Of all the great songwriting teams that have flourished on Broadway, none appeared so unexpectedly, burned so brightly and vanished so quickly as that of Richard Adler and Jerry Ross.
Adler and Ross had only two big hits—but, to be fair, they wrote only two shows: The Pajama Game and Damn Yankees. Their initial success was due to the support of one of the most prominent men of mid-century Broadway—composer-lyricist Frank Loesser, a great songwriter and a shrewd businessman.
After his triumphant 1950 musical Guys and Dolls, Loesser decided to build his personal publishing house, Frank Music, into a real competitor to the established firms that dominated the music business. But to do that he would need product, not just his own songs but those of up-and-coming, unaffiliated writers—talented youngsters he could put under contract, then publish and promote their songs.
In the early 1950s, aspiring tunesmiths peddled their wares in the Brill Building, the hub of the songwriting trade. They would spend their days taking their songs from office to office, floor to floor, looking for a receptive ear.

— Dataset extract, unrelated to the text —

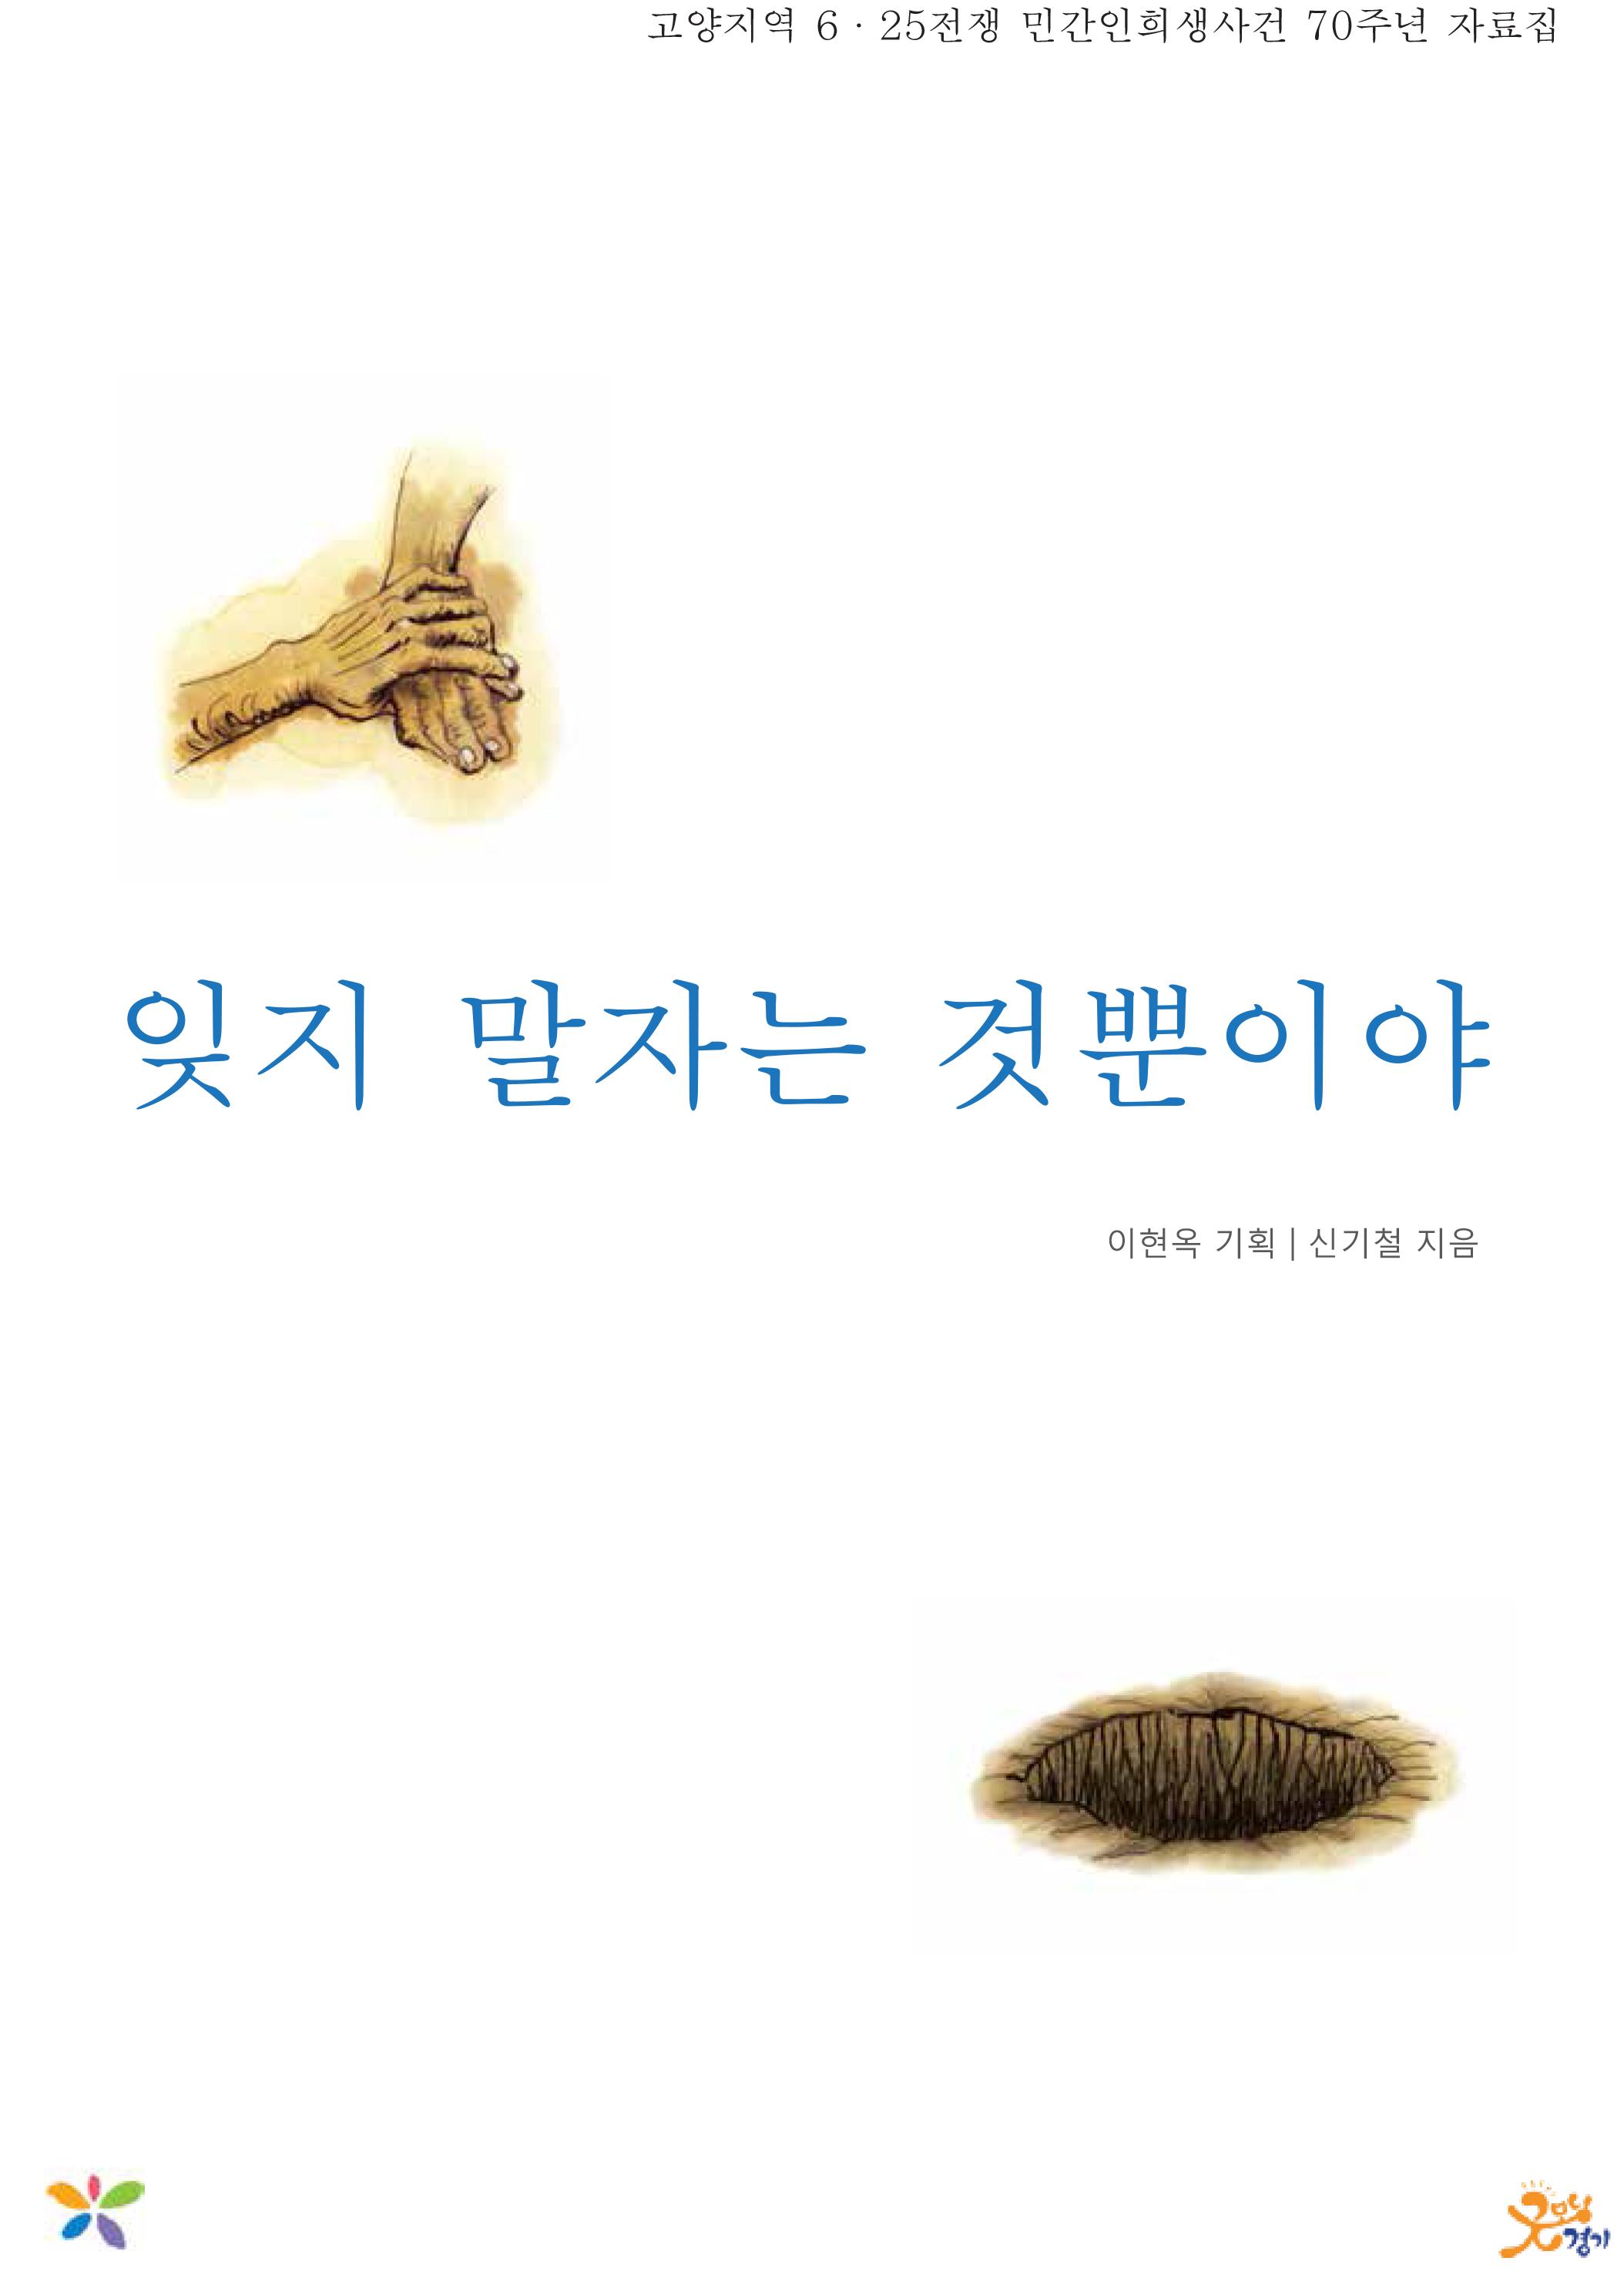 표지_2020금정굴_s.jpg

When they needed a smoke they hung out on the sidewalk at Broadway and 49th Street—what they called The Beach— where they would swap stories and gripe about the music racket.
That’s where Richard Adler met Jerry Ross.
They were both young, they liked each other on sight and decided to try collaborating. They both wrote words and music, although all Adler could play was a toy xylophone.
One of their early efforts was a novelty about the hissing and clanging of a steam radiator:
Well, they knew this was a masterpiece, so they shopped it to Mitch Miller, the song chief for Columbia Records. He listened patiently and said, “Boys, save it for a show.”
That was Miller’s way of saying, “It’s crap.” But, unintentionally, Miller was partly right. Adler and Ross’s songs were theatrical, more situation-specific than the usual Tin Pan Alley product.
And that stage instinct was what caught the attention of Frank Loesser—that and the chart success of their first solid record hit: Tony Bennett’s “Rags to Riches,” which sold over two million copies.
Loesser wasted no time. He “collected” the boys for his stable of writers and soon placed a couple of their songs in a now-forgotten Broadway revue. Their work was dismissed as “routine,” but Loesser believed in their talent and continued to mentor them in the art of theatrical song writing. After a few months Frank called them into his office and said “I think you’re ready to write a real show.”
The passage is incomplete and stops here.